*WHAT TO DO*
Write out the entries below exactly, but only from the line containing "Auckland - Viaduct" through the line containing "CAS Decision in", and without the pictures.

*AVAILABLE RECORDS*
· · · · · · ·

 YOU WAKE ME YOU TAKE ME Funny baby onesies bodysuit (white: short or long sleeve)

· · · · · · ·

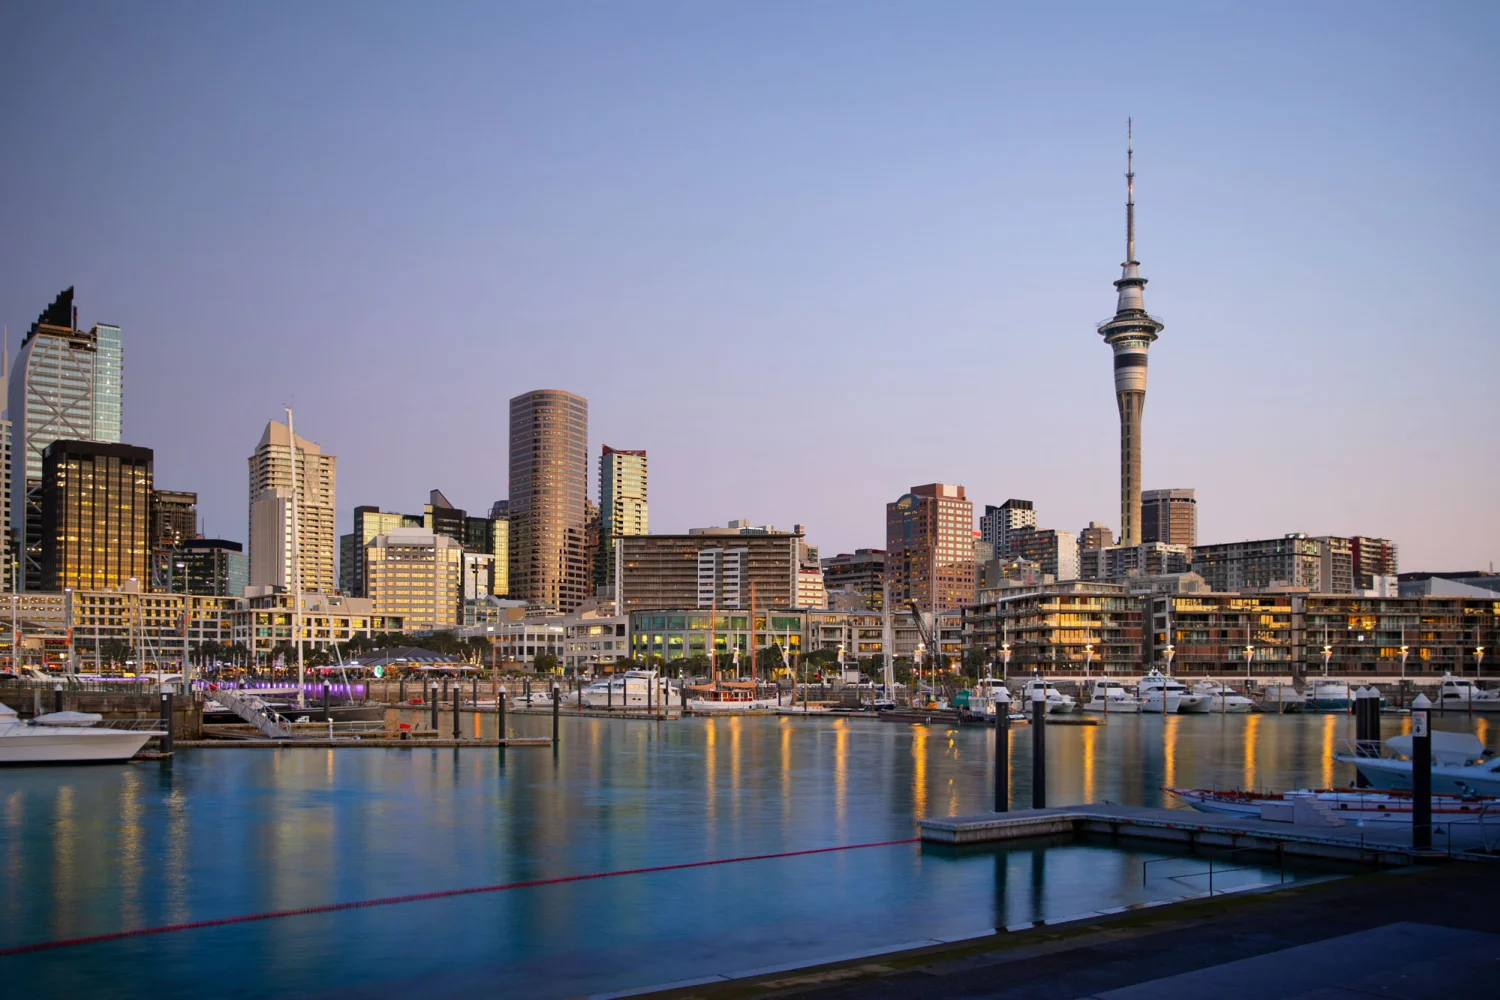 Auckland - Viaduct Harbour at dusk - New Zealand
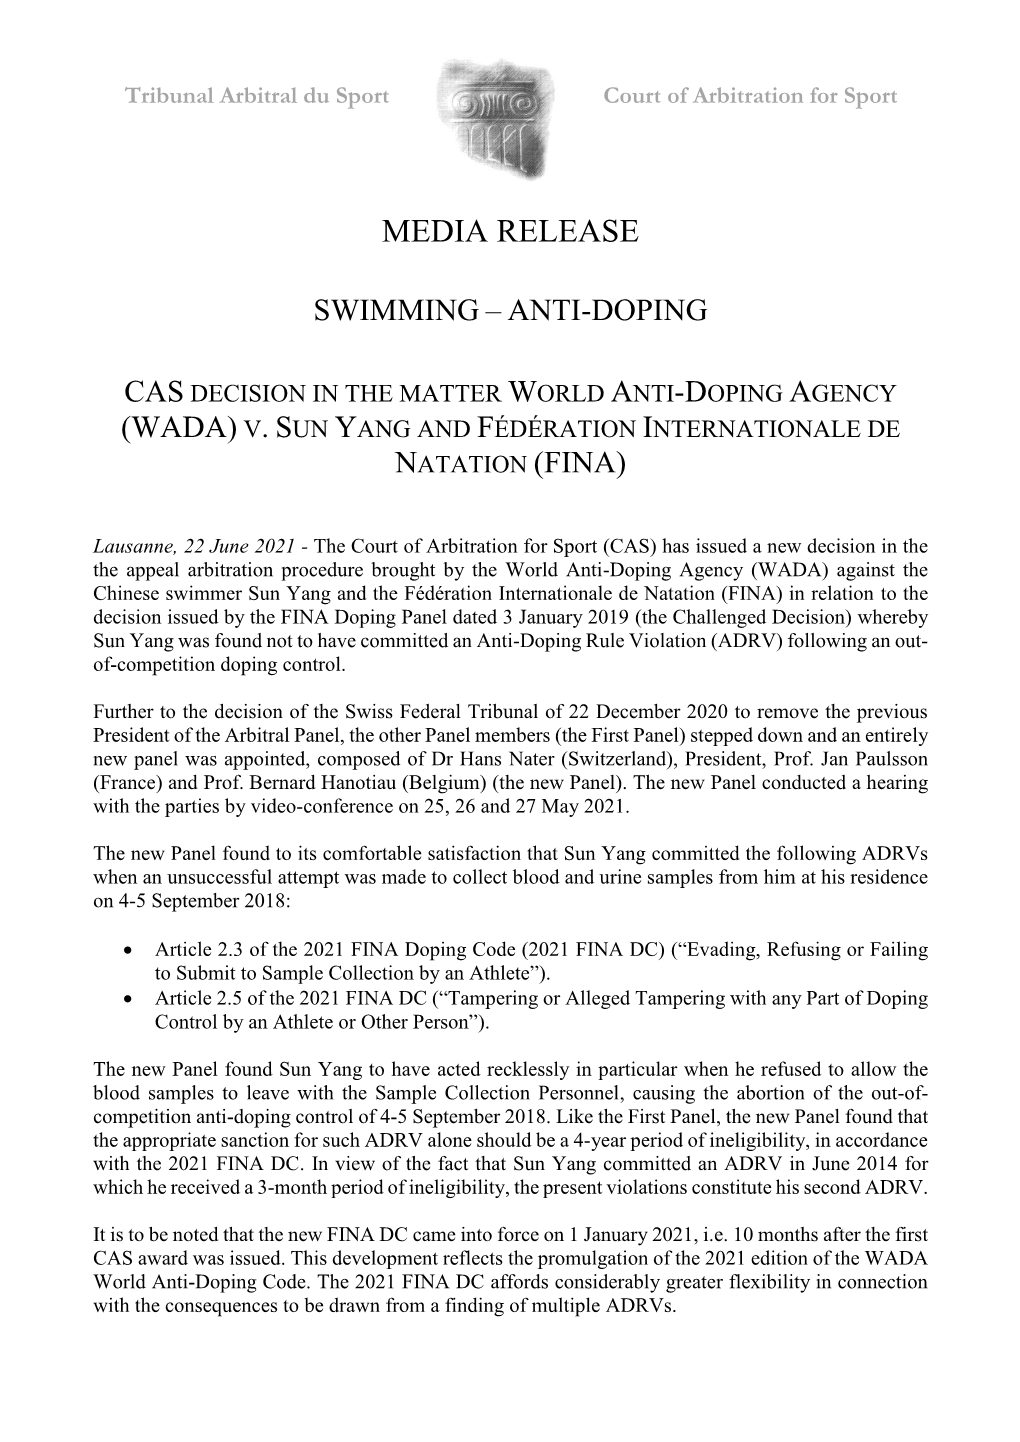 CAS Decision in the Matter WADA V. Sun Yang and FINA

· · · · · · ·

*TASK RESPONSE*
 Auckland - Viaduct Harbour at dusk - New Zealand
 CAS Decision in the Matter WADA V. Sun Yang and FINA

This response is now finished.